CIPA-DT

Prince Albert, Saskatchewan; Canada;
- Channels: Digital: 9 (VHF); Virtual: 9;
- Branding: CTV Prince Albert (general); CTV News Prince Albert (local newscasts);

Programming
- Affiliations: CTV

Ownership
- Owner: Bell Media Inc.

History
- First air date: January 12, 1987
- Former call signs: CIPA-TV (1987–2023)
- Former channel numbers: Analog: 9 (VHF, 1987–2023)
- Call sign meaning: CI Prince Albert

Technical information
- Licensing authority: CRTC
- ERP: 11 kW
- HAAT: 212 m (696 ft)
- Transmitter coordinates: 53°3′27″N 105°50′31.2″W﻿ / ﻿53.05750°N 105.842000°W

Links
- Website: CTV Prince Albert; CTV Saskatoon;

= CIPA-DT =

Television station in Prince Albert, Saskatchewan

CIPA-DT (channel 9, cable channel 8) is a television station in Prince Albert, Saskatchewan, Canada, owned and operated by the CTV Television Network, a division of Bell Media. The station's studios are located at the corner of 6th Avenue East & 28th Street East (in the Carlton Court Shopping Centre) in Prince Albert, with transmitter between Louis Riel Trail/Highway 11 and Highway 2, south-southwest of the city.
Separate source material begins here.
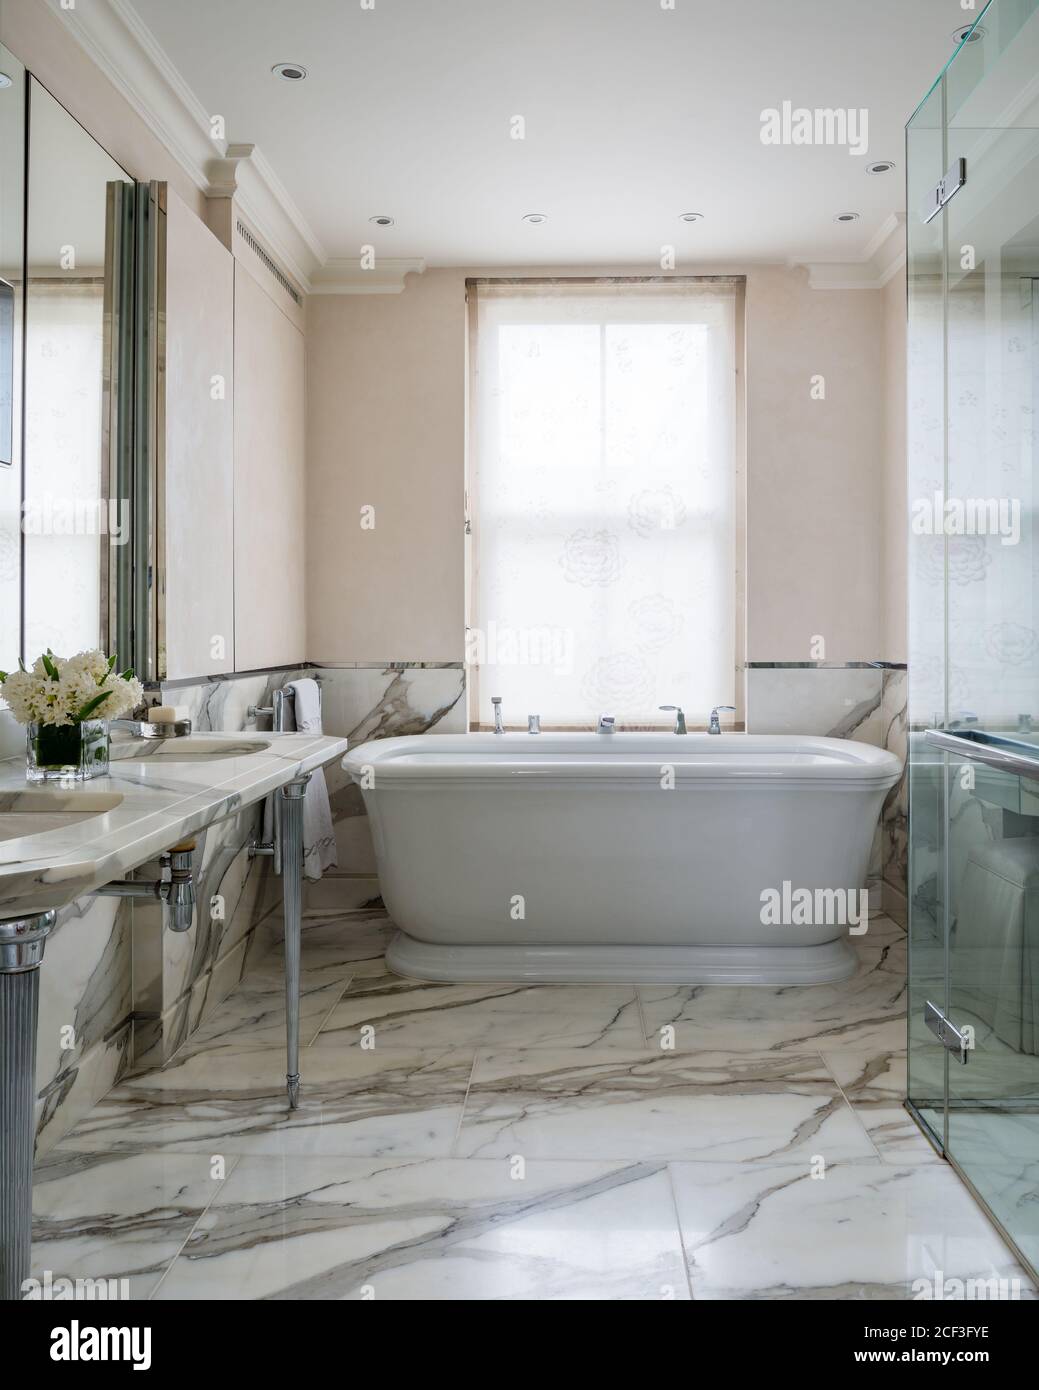 Baignoire en marbre salle de bains de style classique Banque D'Images
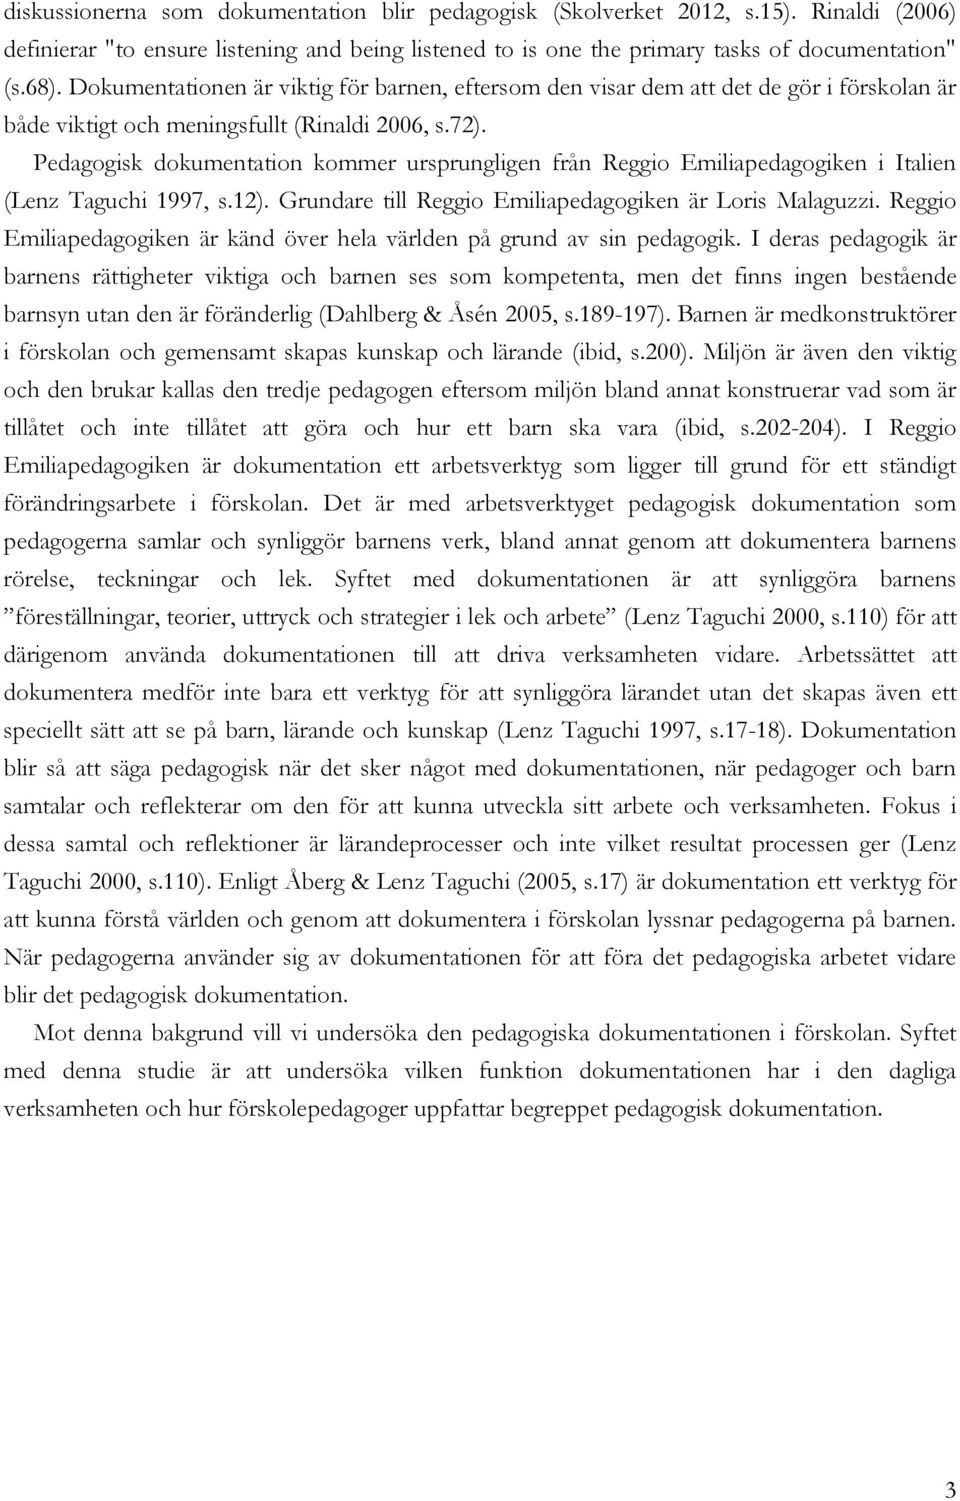 Pedagogisk dokumentation kommer ursprungligen från Reggio Emiliapedagogiken i Italien (Lenz Taguchi 1997, s.12). Grundare till Reggio Emiliapedagogiken är Loris Malaguzzi.

CIPA-DT operates as a semi-satellite of CFQC-DT in Saskatoon, running the same programming as that station at all times (except for certain commercials and a separate 5 p.m. newscast).

==History==
CIPA began transmission on January 12, 1987. In 2002, CTV parent company Bell Globemedia (now Bell Media) sold CIPA's former CBC-affiliated twinstick sister station, CKBI-TV, to the CBC, which then made CKBI a rebroadcaster of CBKST in Saskatoon. CBC shut down the transmitter in 2012, leaving CIPA as the only over-the-air television station in Prince Albert.

In November 2023, the station launched its digital signal.

==News programming==

CIPA's former logo (1998–2001)

CIPA has made several attempts at local newscasts over the years. However, due to recent cutbacks, as of February 12, 2024, its only local newscast is CTV News at Five. The newscast is presented by Chantel Saunders from the CTV Saskatoon studios, with reporters filing stories from Prince Albert. It otherwise simulcasts CTV Saskatoon's 6 p.m. newscast, as well as the provincial newscasts in the morning and at 11:30 p.m. that originate from CTV Regina.

==Former transmitters==
- CIPA-TV-1 Alticane
- CIPA-TV-2 Big River (Note: CIPA-TV-2 was among a long list of CTV rebroadcasters nationwide to have shut down on or before August 31, 2009, as part of a political dispute with Canadian authorities on paid fee-for-carriage requirements for cable television operators. A subsequent change in ownership assigned full control of CTVglobemedia to Bell Canada; as of 2011, these transmitters remained in normal licensed broadcast operation.)
- CKBQ-TV Melfort
- CKBQ-TV-1 Nipawin

- Notes

On February 11, 2016, Bell Media applied for its regular license renewals, which included applications to delete a long list of transmitters, including CIPA-TV-1, CIPA-TV-2, CKBQ-TV and CKBQ-TV-1. Bell Media's rationale for deleting these analog repeaters is below:

"We are electing to delete these analog transmitters from the main licence with which they are associated. These analog transmitters generate no incremental revenue, attract little to no viewership given the growth of BDU or DTH subscriptions and are costly to maintain, repair or replace. In addition, none of the highlighted transmitters offer any programming that differs from the main channels. The Commission has determined that broadcasters may elect to shut down transmitters but will lose certain regulatory privileges (distribution on the basic service, the ability to request simultaneous substitution) as noted in Broadcasting Regulatory Policy CRTC 2015-24, Over-the-air transmission of television signals and local programming. We are fully aware of the loss of these regulatory privileges as a result of any transmitter shutdown."

At the same time, Bell Media applied to convert the licenses of CTV 2 Atlantic (formerly ASN) and CTV 2 Alberta (formerly ACCESS) from satellite-to-cable undertakings into television stations without transmitters (similar to cable-only network affiliates in the United States), and to reduce the level of educational content on CTV2 Alberta.